Dans l’ensemble, à long terme, les grands acteurs continuent de considérer l’euro avec une confiance notable. Cependant, les événements mondiaux — qui n’ont pas manqué ces dernières années — continuent d’influencer le comportement des investisseurs. Actuellement, l’attention du marché est tournée vers le Moyen‑Orient, où la guerre continue de s’intensifier et de s’étendre géographiquement. À court terme, le taux de change euro/dollar dépendra moins de la politique de la Federal Reserve ou des données économiques, et davantage de la guerre en Iran. Pour l’instant, le dollar américain est le principal bénéficiaire de cette situation.

Calendrier des nouvelles pour les États‑Unis et la zone euro :

Allemagne – Indice des prix à la production (07:00 UTC).

Le 20 mars, le calendrier économique ne comporte qu’une seule publication mineure. Le contexte d’actualité n’influencera pas le sentiment du marché vendredi.

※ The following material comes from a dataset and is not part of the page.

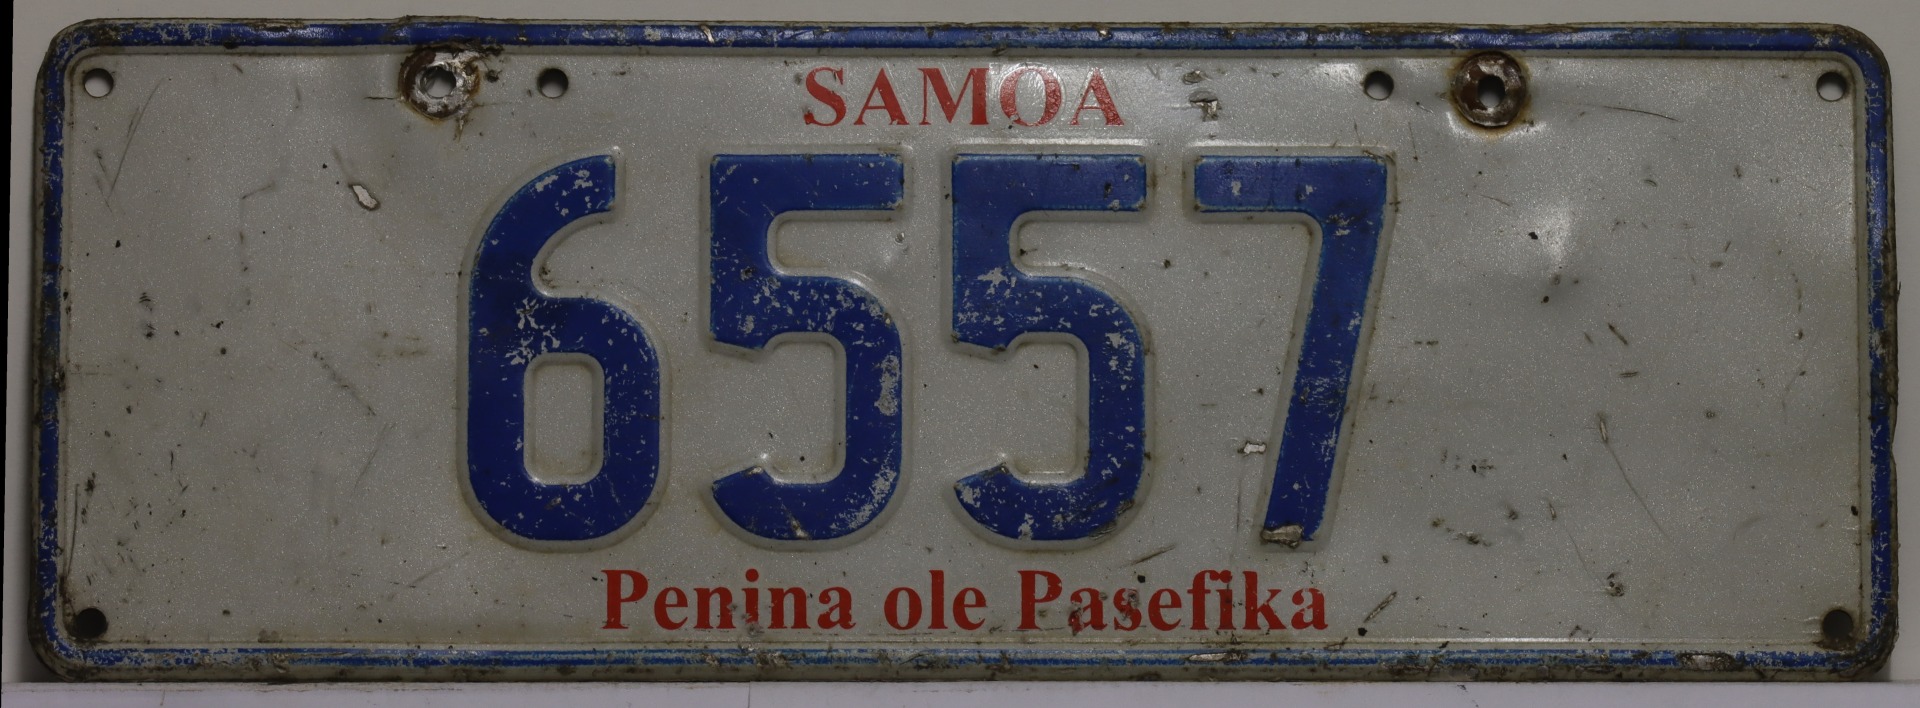 Samoa_Pass2000_JEC.jpg

Prévision EUR/USD et recommandations de trading :

La vente de la paire est possible aujourd’hui en cas de rebond depuis 1,1577 avec un objectif à 1,1440. Des positions acheteuses pouvaient être ouvertes sur un rebond depuis 1,1440 avec un objectif à 1,1577, qui a déjà été atteint. De nouvelles opportunités d’achat pourraient apparaître en cas de clôture au‑dessus de 1,1577 avec un objectif à 1,1696.

Les niveaux de Fibonacci sont tracés de 1,1577 à 1,2082 sur le graphique horaire et de 1,1474 à 1,2082 sur le graphique 4 heures.